───── Data provided

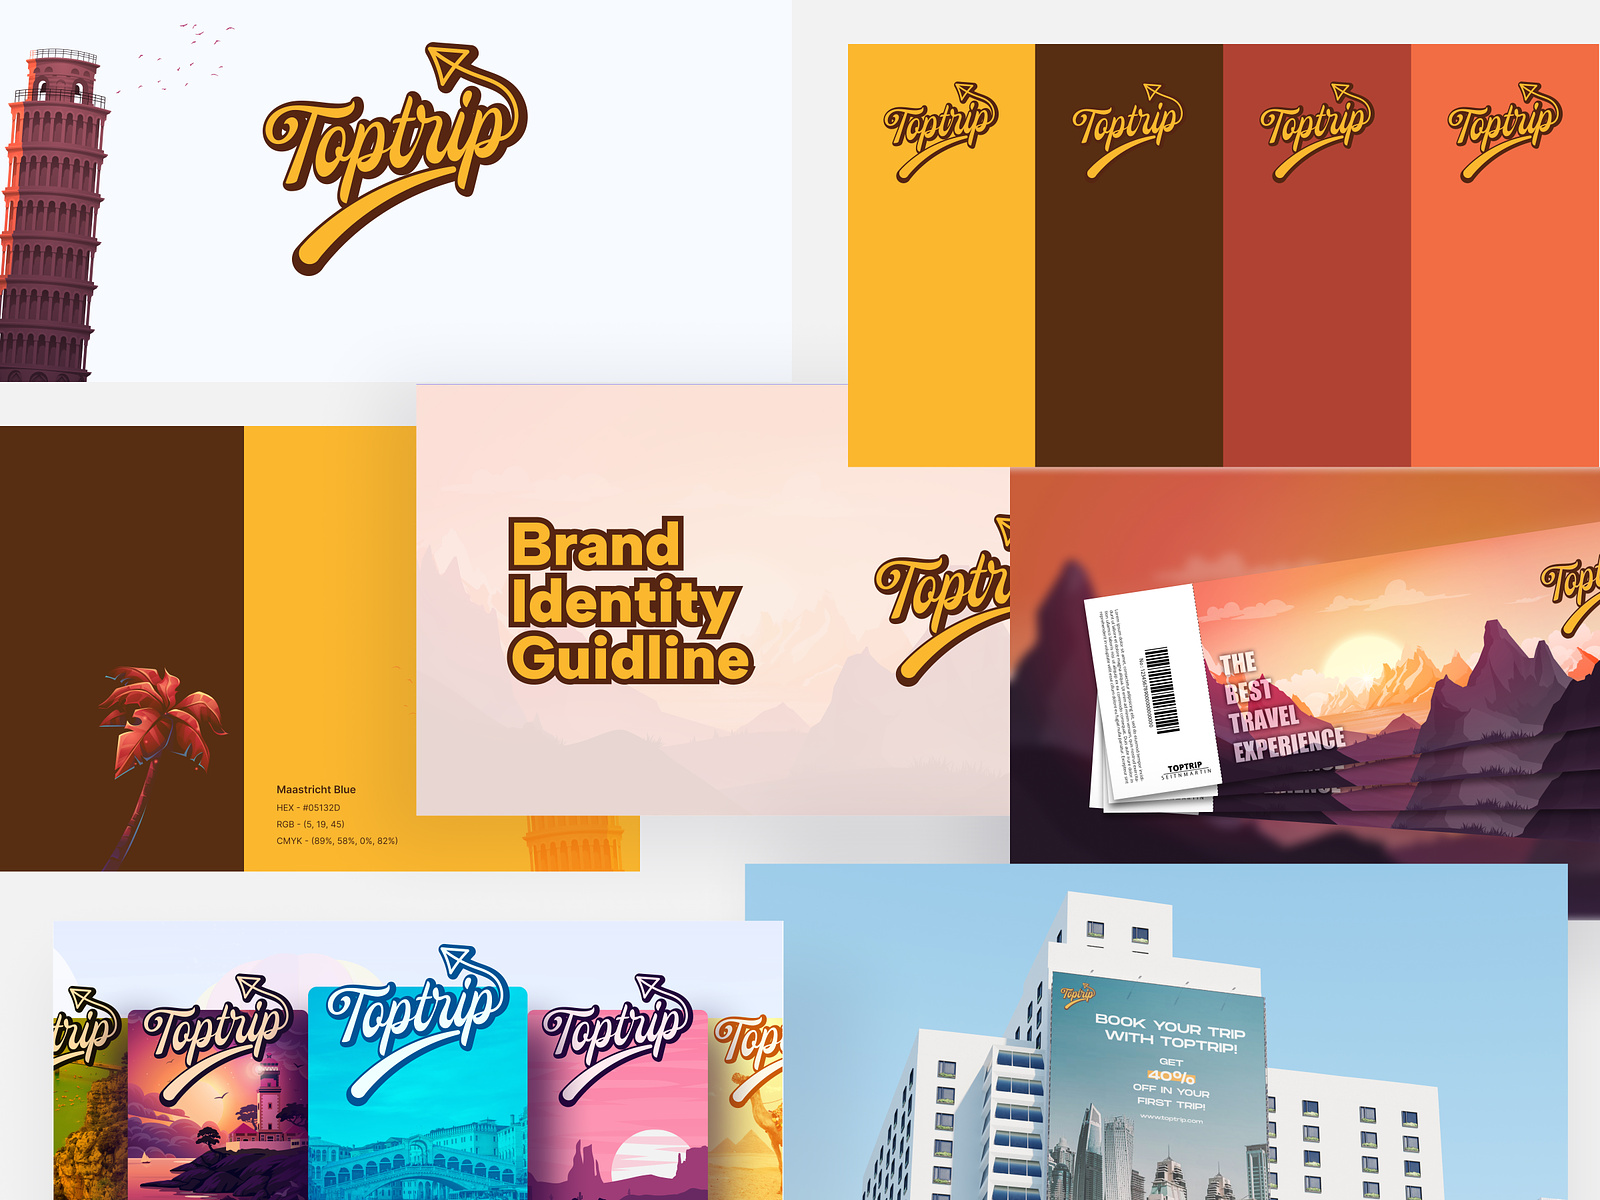 Toptrip Brand Identity Design by unbend on Dribbble
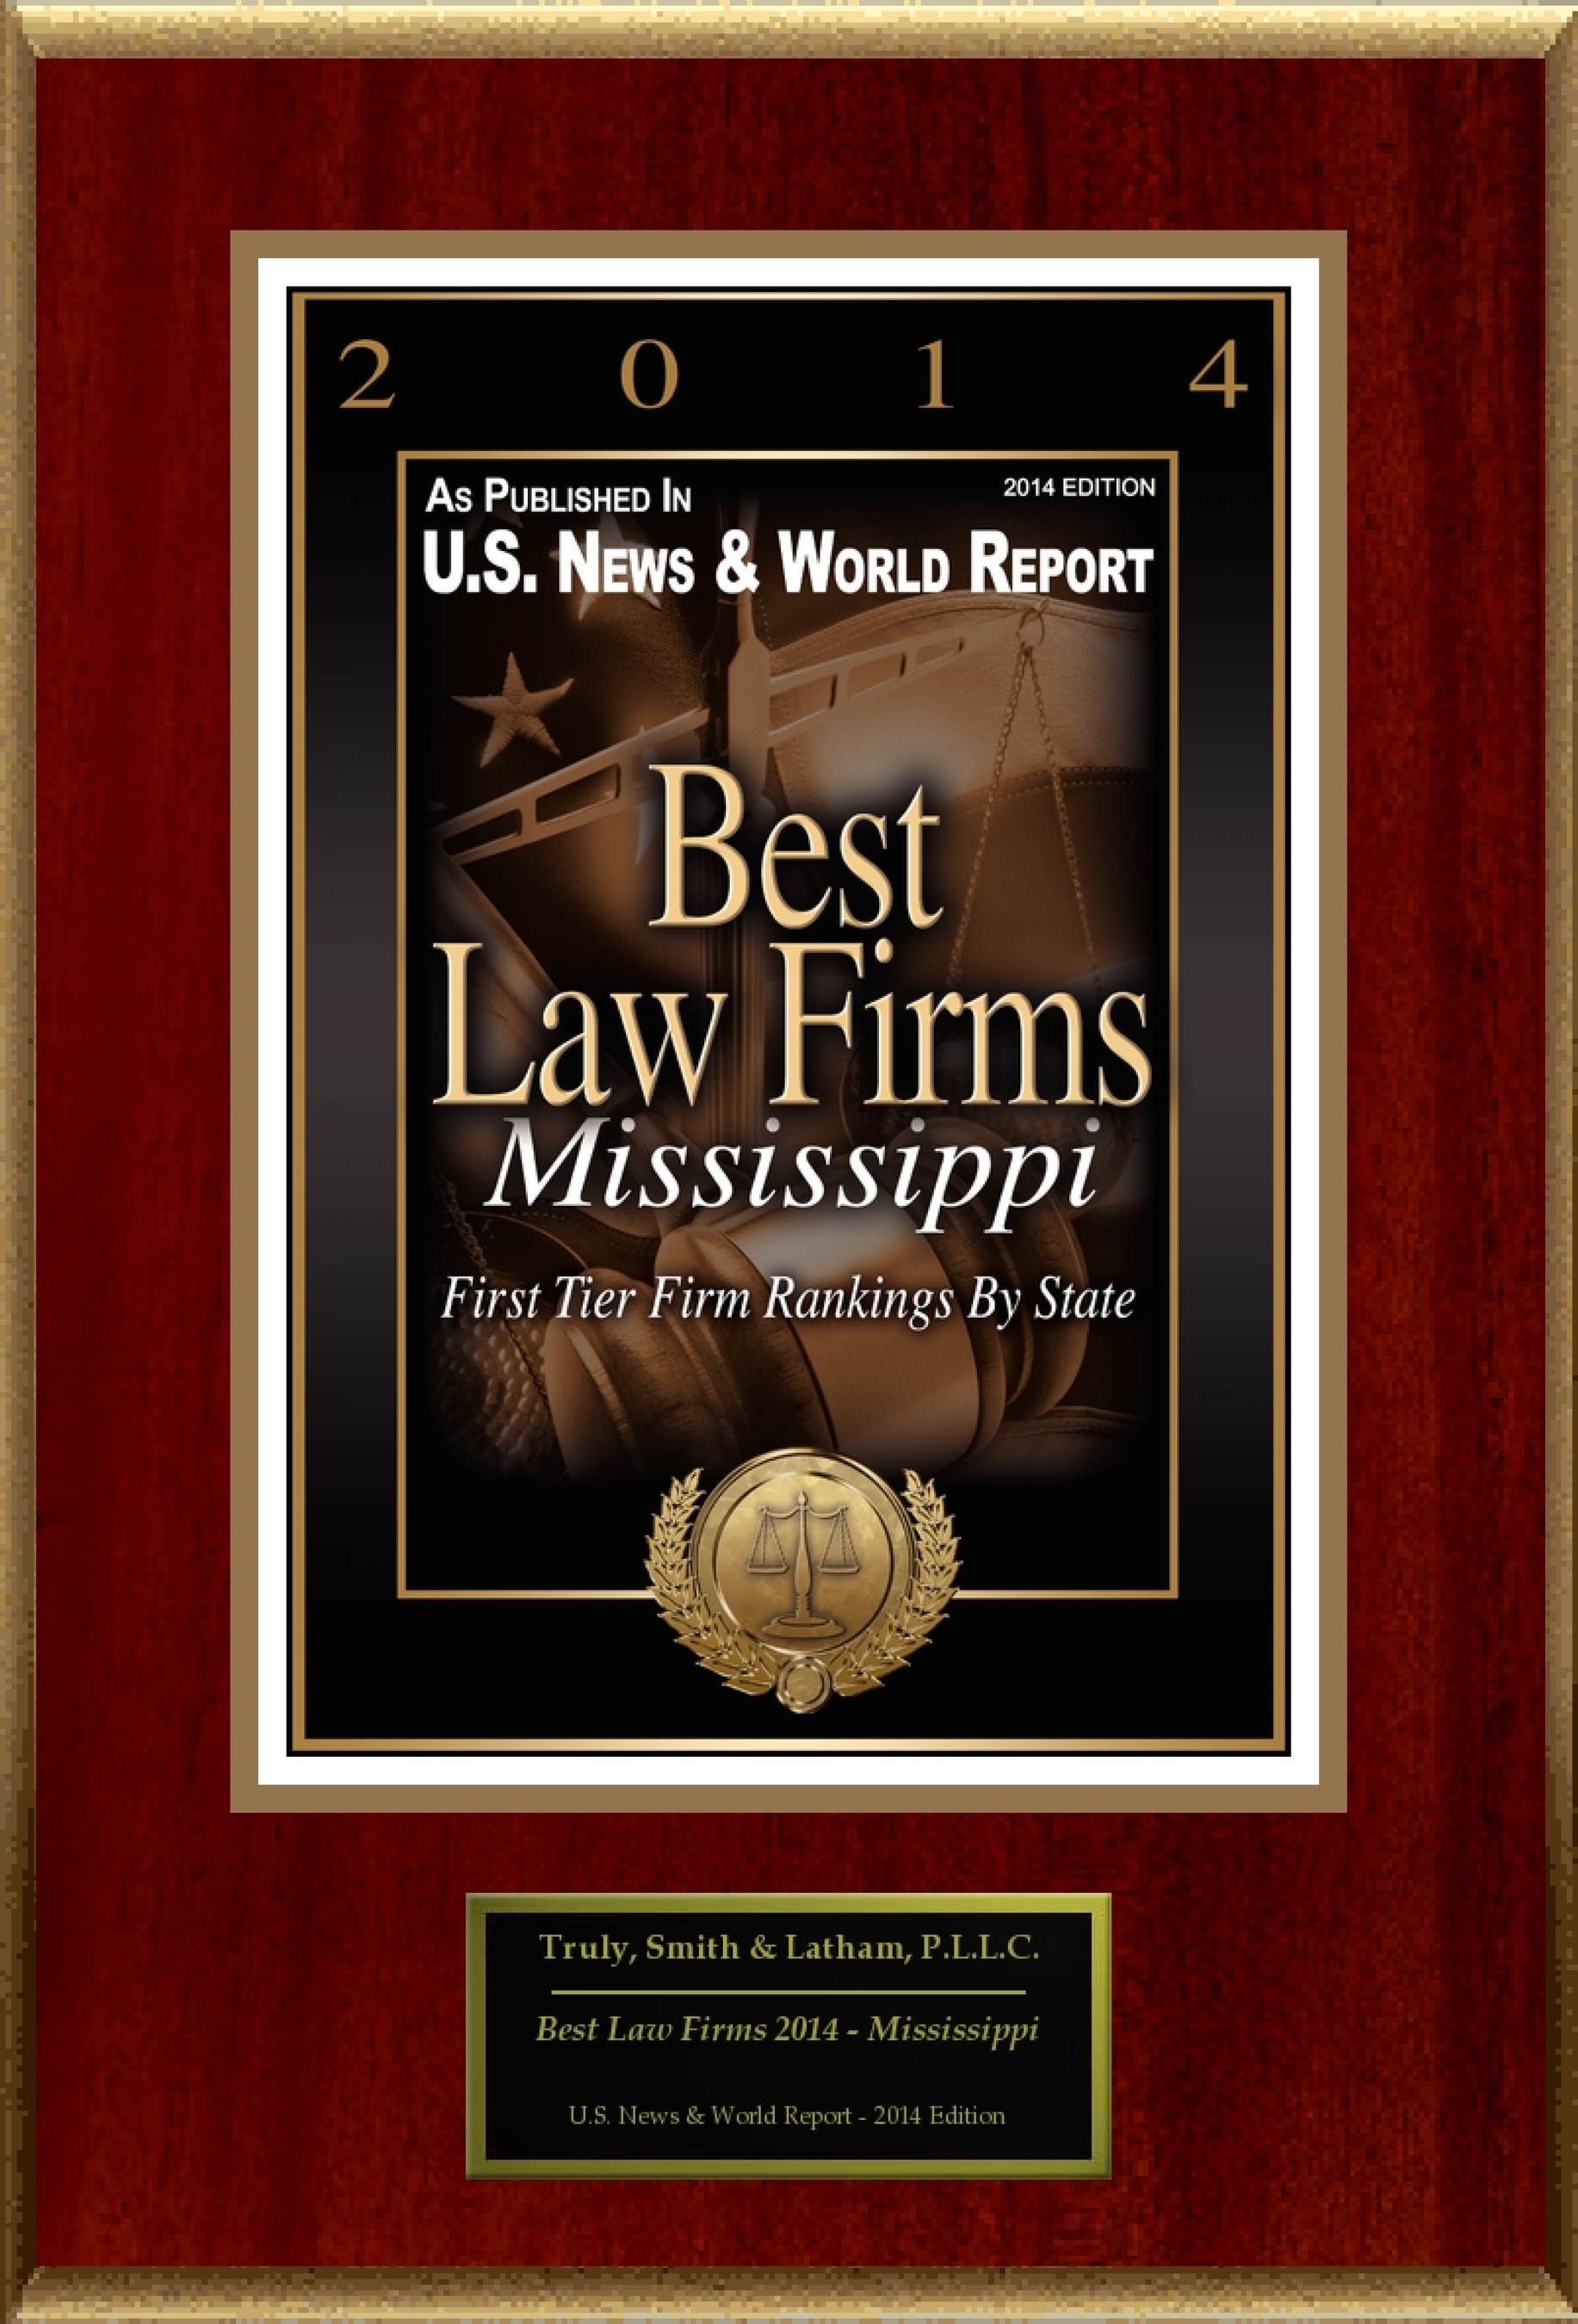 Truly, Smith & Latham, P.L.L.C. Selected For "Best Law Firms 2014 - Mississippi" (PRNewsFoto/Truly, Smith & Latham, P.L.L.C.)
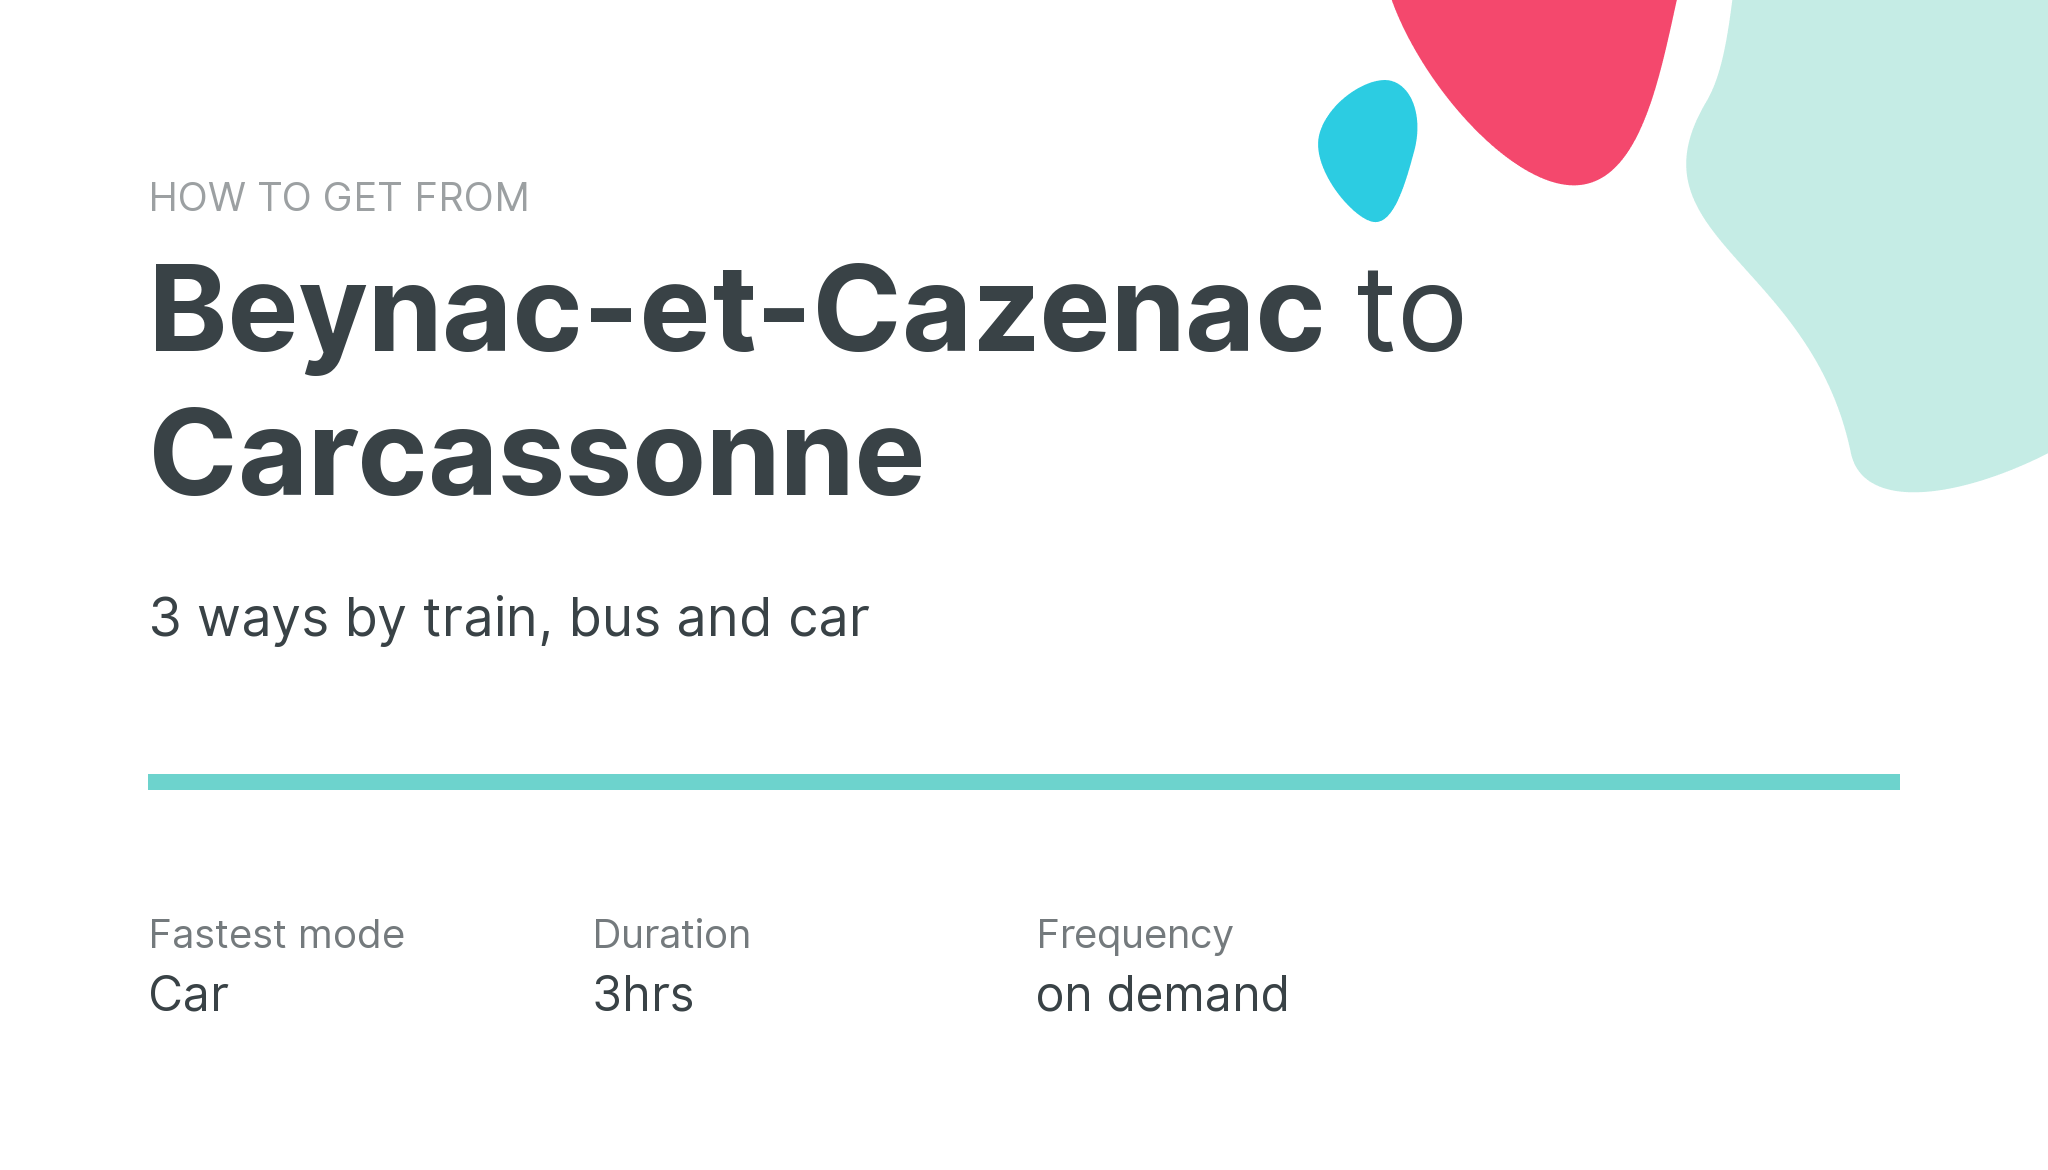 How do I get from Beynac-et-Cazenac to Carcassonne

──────────

Required action: Leave the pictures out and return the rest of the material exactly.

Output for this task:
 Toptrip Brand Identity Design by unbend on Dribbble
 Truly, Smith & Latham, P.L.L.C. Selected For "Best Law Firms 2014 - Mississippi" (PRNewsFoto/Truly, Smith & Latham, P.L.L.C.)
 How do I get from Beynac-et-Cazenac to Carcassonne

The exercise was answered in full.